Leadbelly is a 1976 film chronicling the life of folk singer Huddie Ledbetter (better known as "Lead Belly"). The film was directed by Gordon Parks, and starred Roger E. Mosley in the title role.  The film focuses on the troubles of Lead Belly's youth in the segregated South including his time in prison, and his efforts to use his music to gain release.

Plot
Huddie Ledbetter leaves his father's house just barely into his twenties and arrives at a brothel on Fannin' Street run by Miss Eula, who nicknames him Leadbelly and has him play at the bar. For a while, she takes care of him until the police arrive, breaking up a party. Leadbelly and an old man escape via a train and Leadbelly buys a twelve-string acoustic guitar from the old man. Seeking work, he takes a job picking cotton. He soon leaves on a train to Silver City where he meets Blind Lemon and they start playing shows together.

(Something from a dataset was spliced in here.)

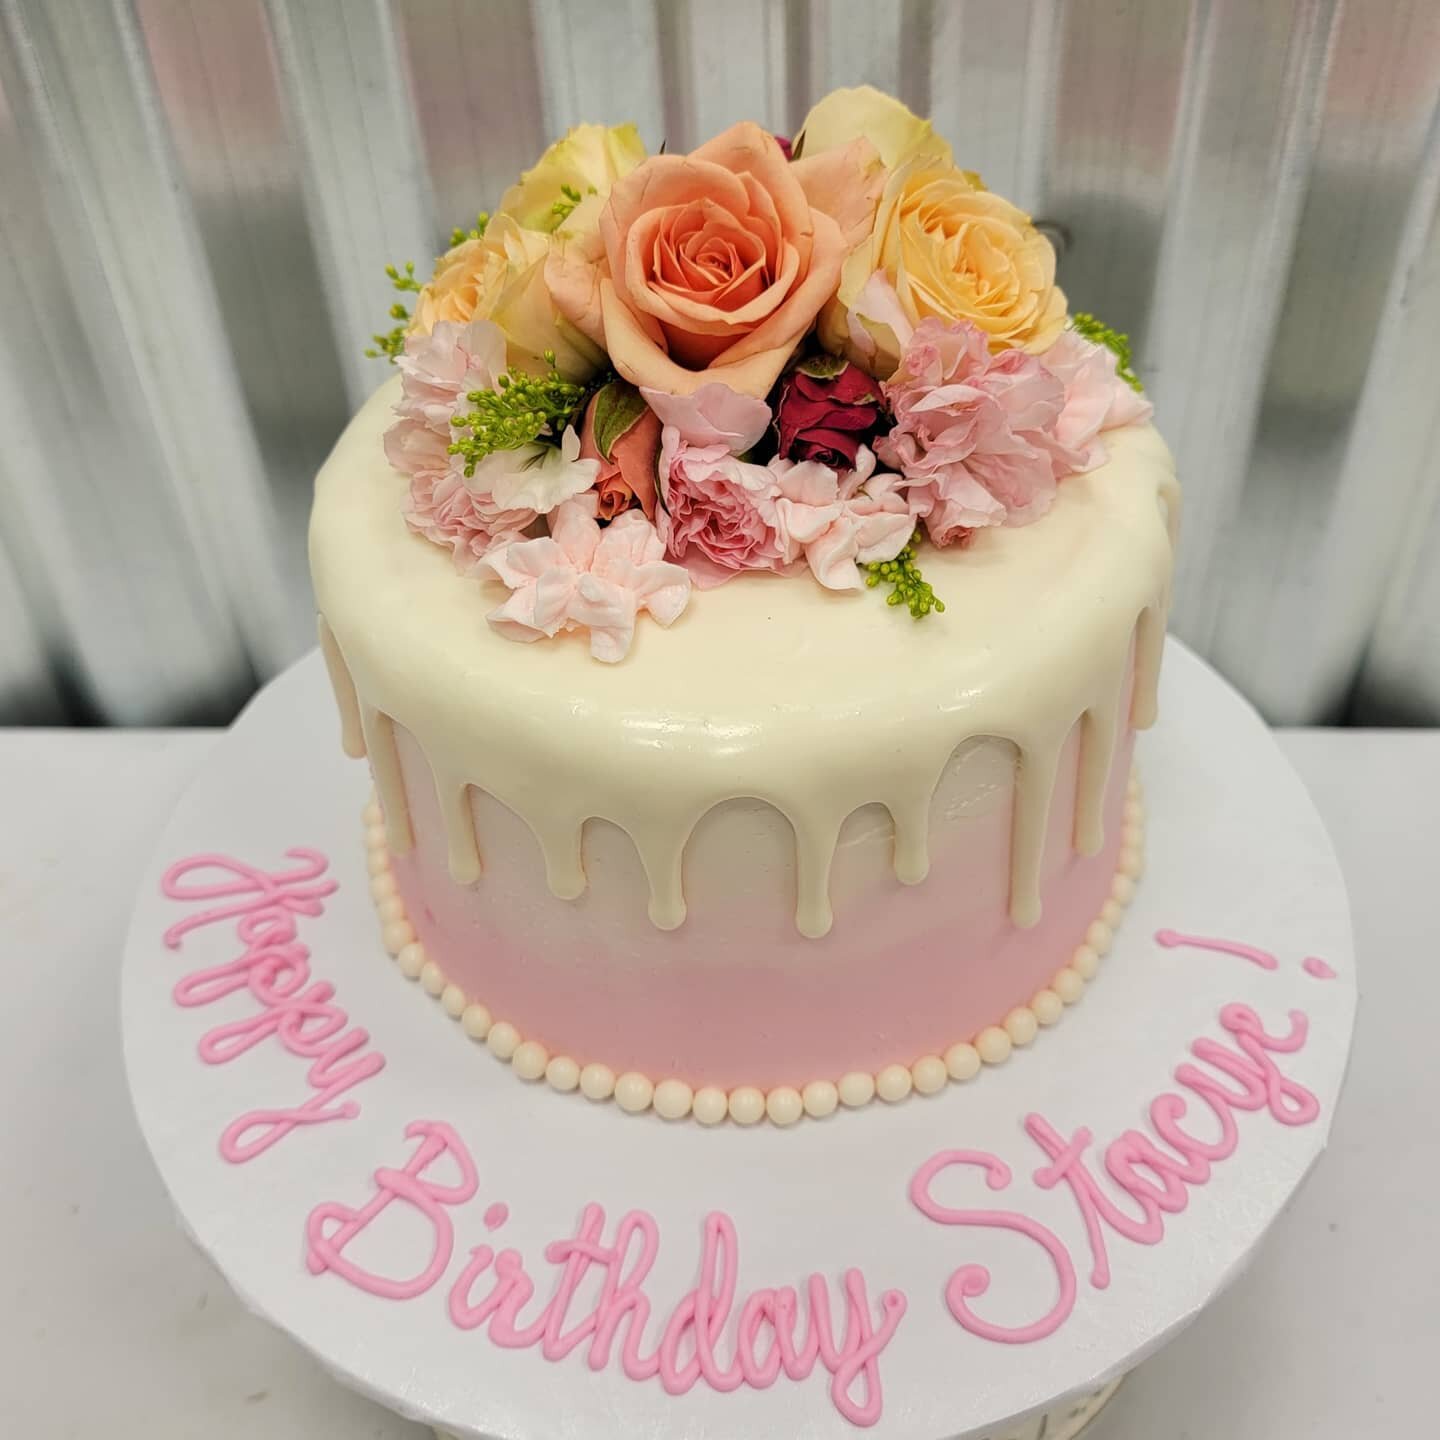 Happy birthday Stacye!

#sweetnessinyourlife #bestcakeson30a #birthdaycakes #cakesofinstagram #seagroveplaza #southwalton #30alocalbusiness #madefromscratch #madewithlove #sweeton30a

At one show, a drunken man tells Leadbelly to keep playing, and threatens him. Leadbelly responds by smashing his guitar onto him and is arrested. He escapes from jail and leads a normal life until he and two other men are on their way home after a night of drinking. One of the men mentions that the other man's woman had sex with Lead Belly during the evening. The man pulls out a gun to shoot Lead Belly but Lead Belly also pulls out his gun and is able to shoot the other man first, killing him. He is thrown in prison where he is forced to work in a chain gang. When he tries to escape, he is caught and put in a box. His father arrives and tries to bail Leadbelly out, but fails. Before leaving, he manages to convince the warden to get Leadbelly a twelve-string acoustic guitar.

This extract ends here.